What great admiration and deep affection we felt for the people who could or might blow us up, the pumps, the gas tanks, the inflators, the dispensers of lifting gas. The highest praise for such a one was to say, “Man, you are mad.” By mad, a reference to the ultimate inflator, the Madman of Seville, we meant “having the capacity for doing such a surpassingly good job of inflation that one could even inflate a dog, give it a couple of pats and send it on a dizzying flight to somewhere else.”

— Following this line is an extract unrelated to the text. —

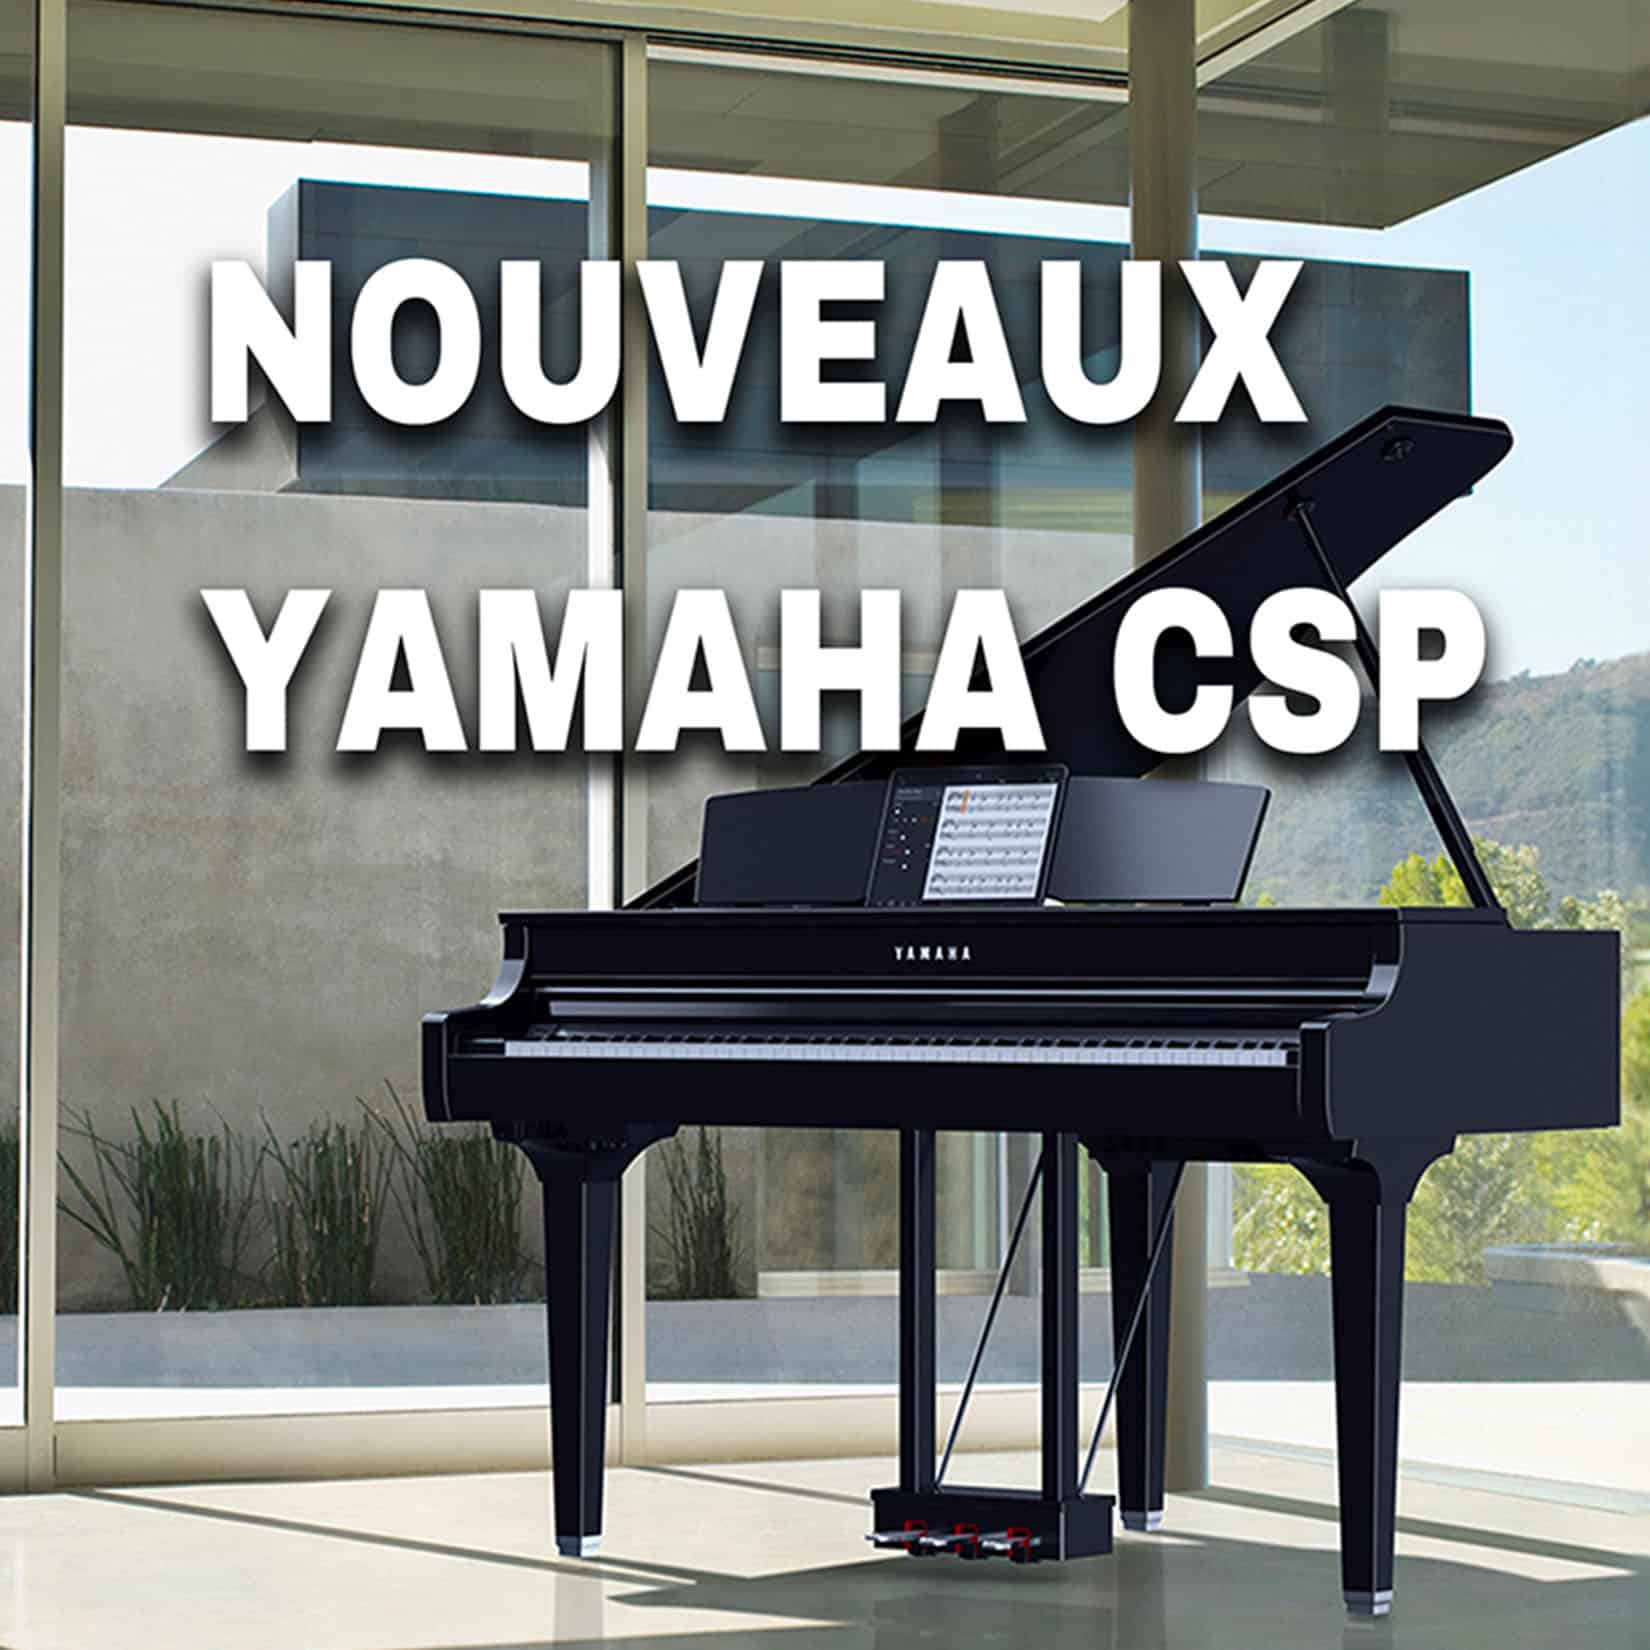 Yamaha annonce les nouveaux CSP : CSP 255, CSP 275, CSP 295, CSP 295GP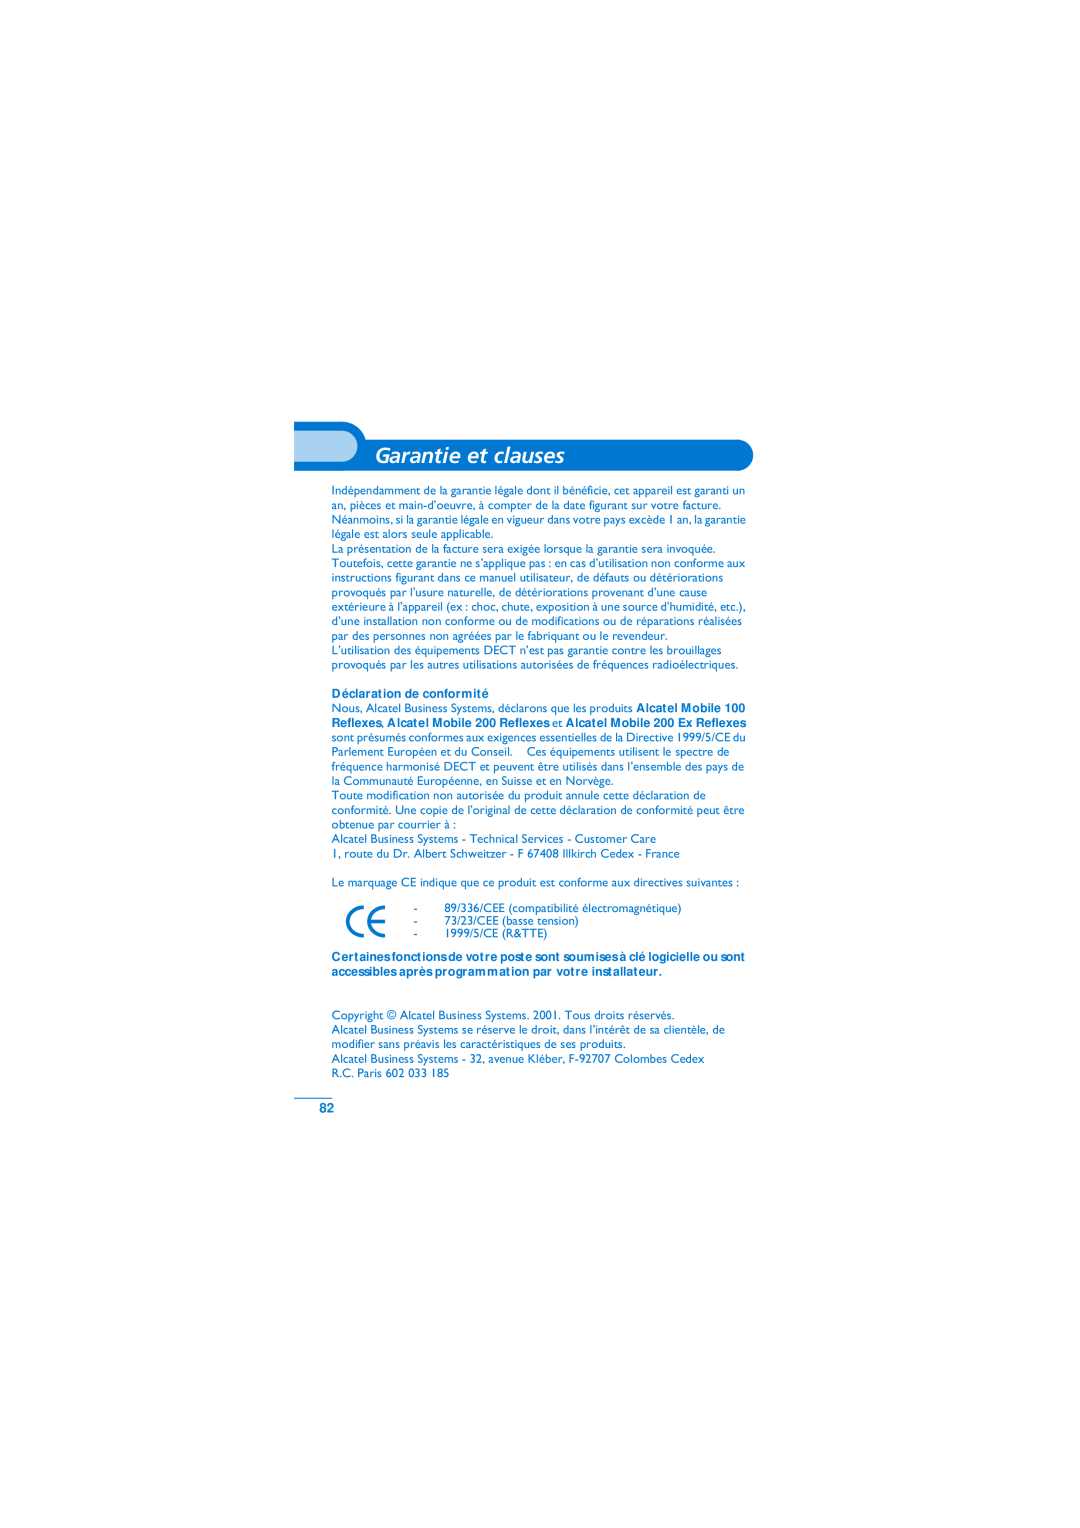 Alcatel-Lucent Mobile Reflexes 100 manual Garantie et clauses, Déclaration de conformité

And what deep affection and desire we felt for that transporting something that the pumps filled us with, whatever it might be, however it might be administered, anything that, beyond simply inflating us, gave us lift and buoyancy and allowed us to make the trip from here to somewhere else, anywhere, nowhere. We sometimes called that magical stuff “gas,” which could be specified as “helium” (an inert gas, suggesting a detachment in one’s elation, a noble aloofness in one’s elevation) or “hydrogen” (the heavy-lifting gas of dirigibles, capable of carrying one very far away, but dangerous, explosive), and sometimes “hot air,” a term that carried with it the most exalted compliment to the inflator, because hot air was just air, common and unremarkable, transformed by the arts of the inflator, someone who was “hot,” into a lifting agent, a means of transportation, like those sizzlin’ hot Montgolfier brothers, Joseph Michel and Jacques Étienne, who in September of 1783, before the eyes of Louis XVI and Marie Antoinette, lofted a duck, a rooster, and a sheep into the skies above Paris, suspended in a basket below a balloon full of nothing but hot air.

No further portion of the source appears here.